= Learning Assistant Model =

The Learning Assistant Model supports curriculum and course transformation, discipline-based education research, institutional transformation, and teacher recruitment. The LA Model supports transforming courses to align with research-based instructional strategies through hiring Learning Assistants to facilitate evidence-based, small group learning activities. Learning Assistants are undergraduate students who, through the guidance of weekly preparation sessions and a pedagogy course, facilitate discussions among groups of students in a variety of classroom settings that encourage active engagement.

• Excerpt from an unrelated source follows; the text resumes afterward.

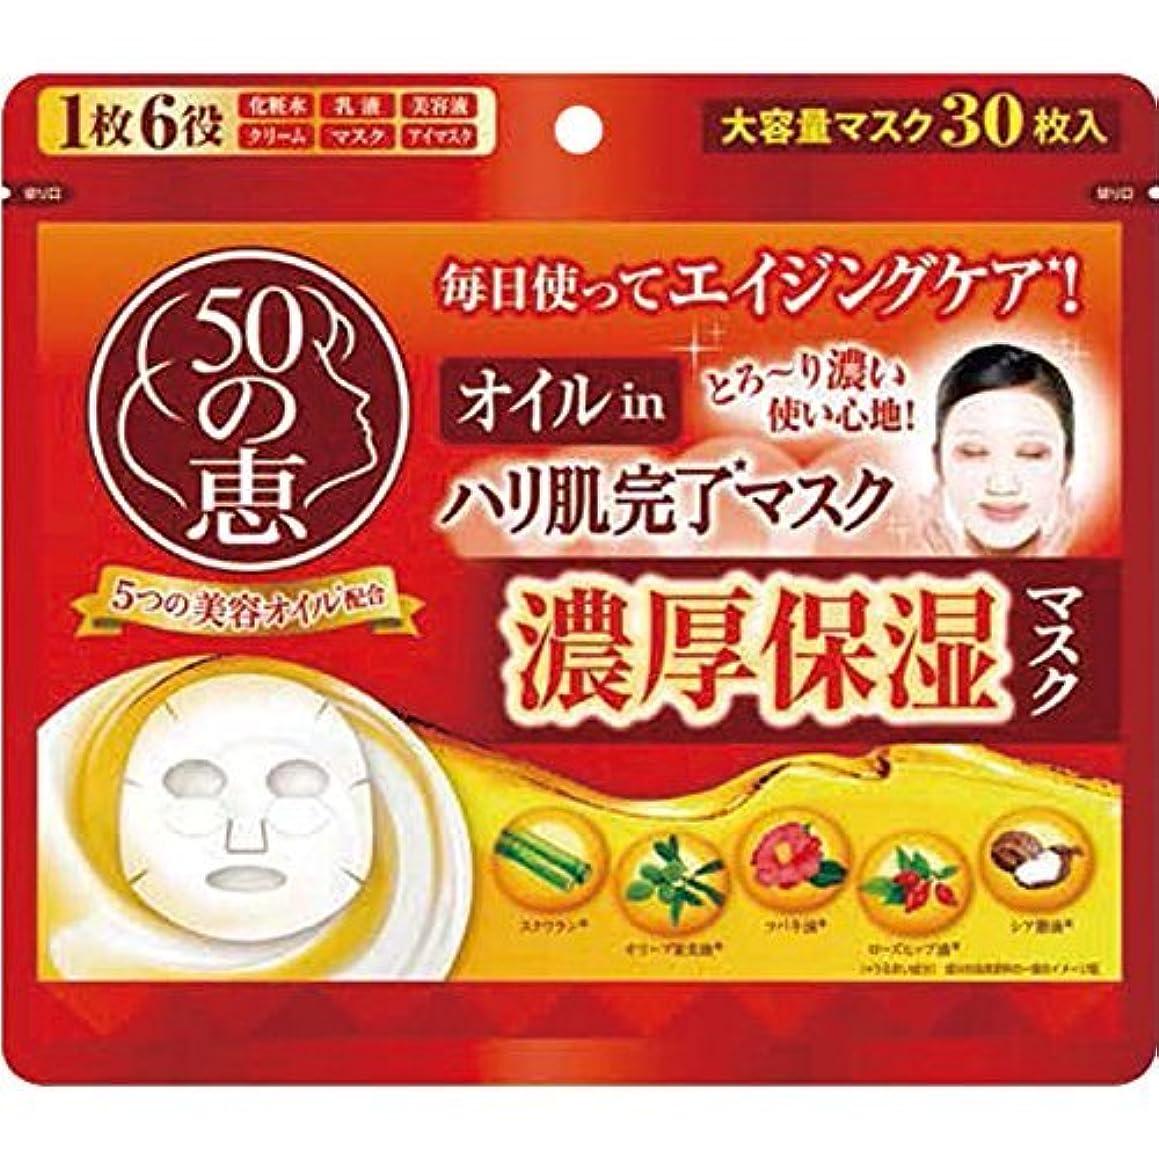 個人的に掻く和解する50の恵 オイルinハリ肌完了マスク × 3個セット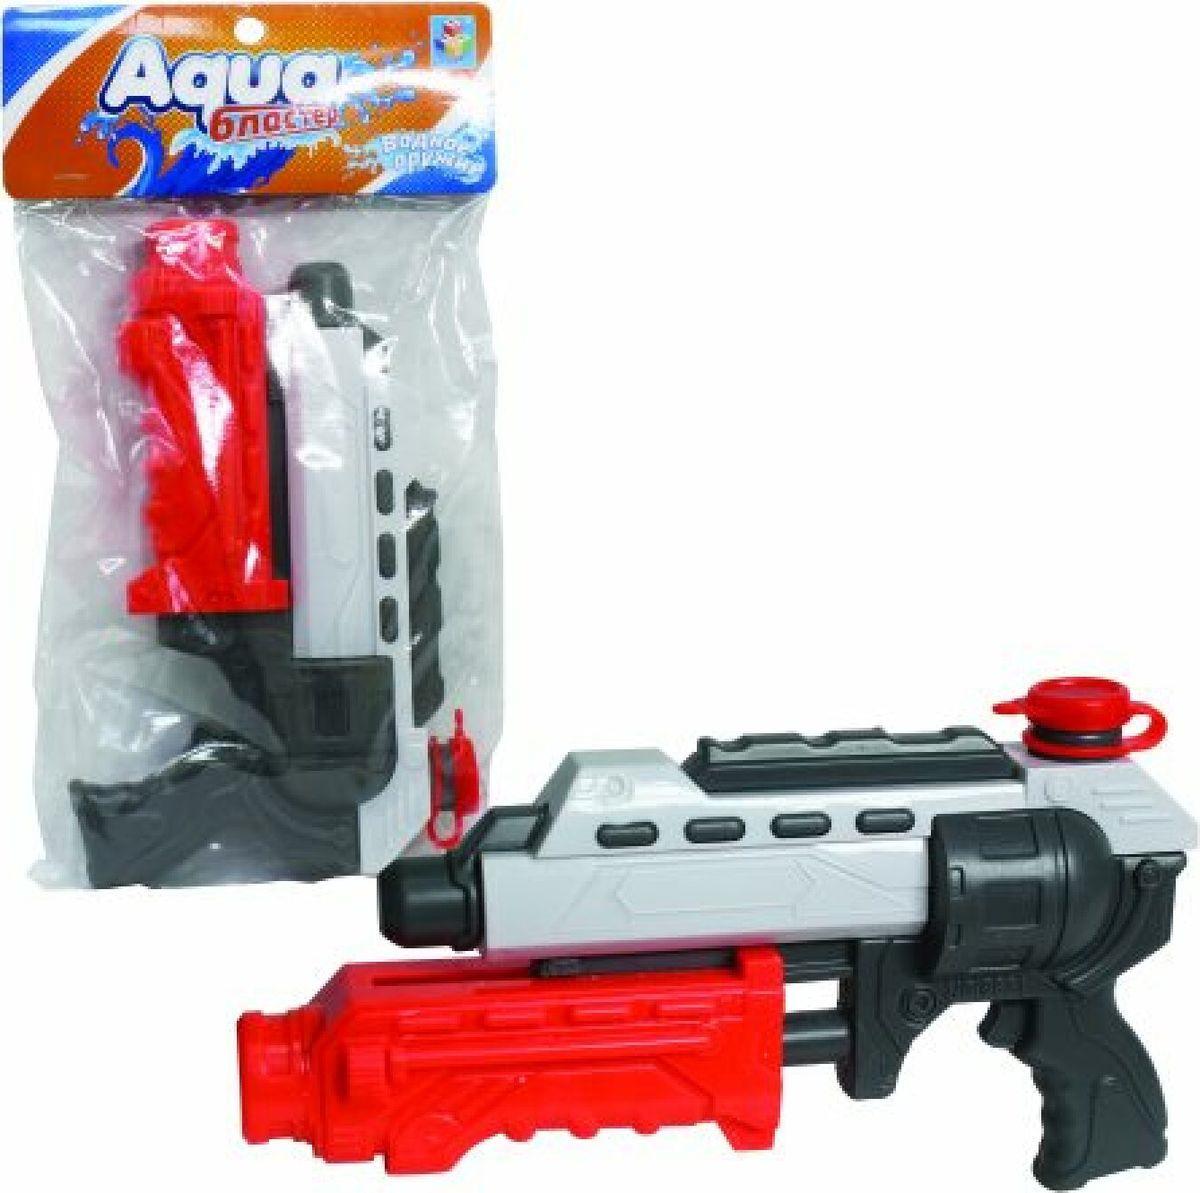 Игрушечное оружие 1TOY Аквамания Водяной пистолет, помповый, Т59454, 32 см

The LA Model is adopted by and implemented at local institutions who create their own LA Program.

Laurie S. Langdon, Valerie Otero, Steven Pollock, Steven Iona, and Richard McCray received the American Physical Society 2019 Excellence in Physics Education Award "For the development of the Learning Assistant (LA) model and the associated LA Alliance, which has enhanced physics teacher education and recruitment, supported undergraduate course transformation, and physics instructor professional development."

== Program Goals ==
Every LA Program incorporates four major goals of varying emphasis: curriculum & course transformation, college/university recruitment and preparation, institutional change, and discipline-based education research.

=== Curriculum & course transformation ===
The LA Model supports course transformation into active student learning.

=== Discipline-based education research ===
The LA Model introduces and supports conversations between math and science research faculty about education research and its role in creating effective learning spaces.

=== Institutional change ===
The LA model acts as a change agent in faculty, departments, and institutional practices by providing infrastructure to support and reward instructional innovation.

=== Teacher recruitment & preparation ===
The LA model is an effective method of recruitment and preparation for collegiate academia. It can both provide exposure and generate interest to undergraduates who had never thought of teaching as a career before and help those who are on the fence decide if teaching is right for them. Meanwhile, the LA program emphasizes “best practices” and provides diverse student support which are helpful for students at any level.

== Resources ==

=== Website ===
The Learning Assistant Alliance website serves as a hub for information and resources related to the LA Model and starting and running an LA Program. The site is hosted by the University of Colorado Boulder. General information and resources are openly available to all who visit the site. Site registration is required to gain access to more in-depth resources on the pedagogy course, research, and program materials.

=== LA Campus ===
The LA Campus platform is a suite of tools for managing an LA Program. LA Campus in a system in which faculty apply for having LAs in their course, students apply to be LAs, programs hire LAs and assign them to courses, etc.

=== LASSO ===
Learning About STEM Student Outcomes (LASSO) is an online platform to support instructors assessing their courses. The platform administers assessments online to students, freeing up class time, and automatically analyzes the data. LASSO is hosted on the LearningAssistantAlliance.org website. The LAA developed the LASSO online assessment platform to increase instructor use of research-based assessments (RBAs). LASSO does this by making it easy to collect and analyze high-quality evidence about student learning in their courses. Specifically, LASSO simplifies the process of administering, scoring, and analyzing RBAs and saves class time by automating the process online. Course results are anonymized and aggregated in the LASSO database to provide instructors normative feedback about their student outcomes.

=== Conferences and Regional Workshops ===
The Learning Assistant Alliance and the University of Colorado Boulder LA Program host an annual conference in Boulder, Colorado, in late October or early November. The conference brings together new and mature programs to share ideas and experiences.

Regional workshops are typically offered in the spring and summer, at universities throughout the United States. Topics covered are similar to those at the International Conference, but local specializations are highlighted.